POLi Payments Pty Ltd
- Type: Private company
- Industry: Online banking
- Founded: 2006; 20 years ago
- Headquarters: Melbourne, Australia
- Products: Electronic commerce
- Parent: Australia Post
- Website: www.polipayments.com

= POLi Payments =

Australasian financial service provider

POLi Payments Pty Ltd (formerly known as Centricom) is an online payments company based in Melbourne, Australia. It is the developer and provider of POLi, an online payment system that is used by merchants and customers in Australia and New Zealand. POLi Payments was acquired by SecurePay Holdings, a fully owned subsidiary of Australia Post, in December 2014.

POLi enables customers to pay for goods or services directly from a merchant's website without the need for a credit card, but by using a direct connection to the user's internet banking. A benefit is that the merchant receives an instant receipt and that customers do not have to register to use POLi. The service is used in Australia and New Zealand with its largest merchants being Jetstar, Virgin Australia, Air New Zealand, Sportsbet and Sportingbet.

The service has attracted widespread criticism from many banks and from others. The service has also been implicated in enabling payments that could be used for illegal gambling.

In 2023, Australia Post announced they would close the Australian arm of POLi Payments in September.

==History==
POLi Version 3 was released in July 2012 and enabled payments on Macs and mobile devices; neither was possible on previous versions. The implementation logs into a user's online banking interface from an automated virtual machine using a user's provided bank credentials, in order to direct debit the purchase amount.

Version 2 is a .NET Framework ClickOnce application. This version is still operational in New Zealand Payments for several banks. This version to was built with security at the expense of user experience, as the process of downloading the .NET ClickOnce application is poor, and requires additional plugins for Firefox and Chrome.

POLi Version 1 was an ActiveX control. This version was used by some, but never gained traction due to security concerns with ActiveX. This version is no longer operational. Greg Day, a security analyst at McAfee stated "Using ActiveX for online payments is the kind of thing that would make me run a mile. [It] is probably the most used route for hackers to get in ... and steal personal information.". Since 2008 the system has been operating on the .NET technology platform. This still gives rise to possible security breaches via downloading untrusted software, and the possible infiltration of malware.

In July 2023, Australia Post announced that the Australian arm of POLi Payments would close down at the end of September that year.

==Security concerns==

Although POLi Payments stresses that security is a high priority, concerns remain regarding exposing the user's banking credentials to POLi, and liability for fraudulent transactions.

ASB Bank, one of New Zealand's largest banks, has responded to POLi with a release stating that POLi is "spoofing/mirroring" their on-line banking pages and capturing customer information, and "due to the serious security and fraud risks" recommending that their customers not use it. The release also claims that ASB has asked POLi to remove support for ASB customers from their service. POLi responded to the ASB advisory with an announcement, refuting the claims, and apparently reverting the version of the payment system.

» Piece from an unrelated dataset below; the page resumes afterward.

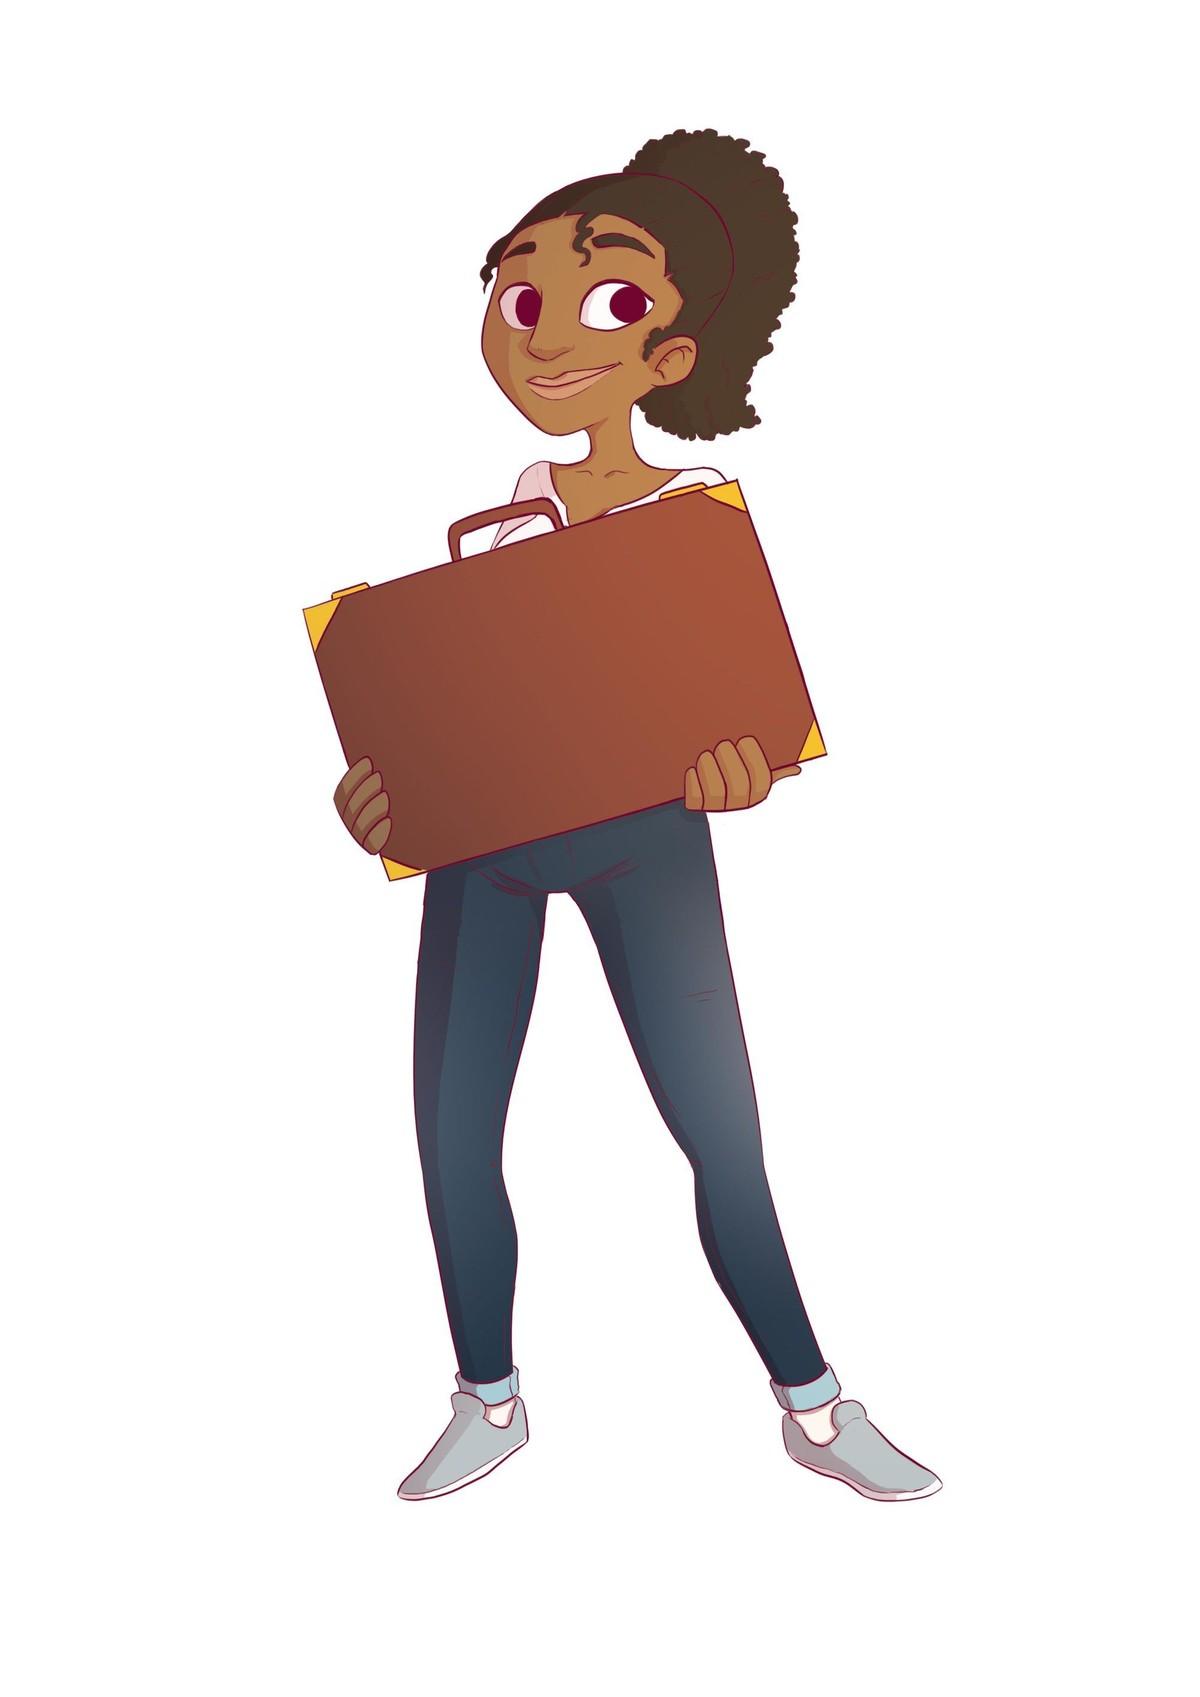 A borwn hair girl hold a brown suitcase

ANZ New Zealand, Bank of New Zealand, Kiwibank, Commonwealth Bank, Westpac, Bank of Queensland, Bank Australia and Police Bank are also warning customers against using POLi.

ANZ and Kiwibank have further advised that use of POLi invalidated the bank's online guarantee, potentially making the customer liable for any losses if their online banking account were to be compromised. POLi's terms and conditions note "We are not making any representation that we or POLi™ have the approval or, an affiliation with, or any licence from or agreement with your financial institution to operate or make POLi™ available for use by you."

Unlike payments via credit cards, payments made via POLi cannot be reversed by the bank, nor are users protected under chargeback rules usually associated with major purchases undertaken using Credit or Debit Card payments. As a result, users may experience issues in seeking refunds or reimbursements for services not delivered, such as cancelled air flights or tickets.

Major companies such as Air New Zealand continue to offer POLi despite the security concerns. Air New Zealand fails to mention the risk, telling customers incorrectly that "the transaction is completed within the security of your bank's online banking service" and even recommends using it for ANZ, ASB, BNZ, Kiwibank, and Westpac (which have all told customers not to use it).

Version 1 and 2 that used the ActiveX and .NET platforms have additional security concerns regarding the integrity of this software and compatibility with non-Windows platforms.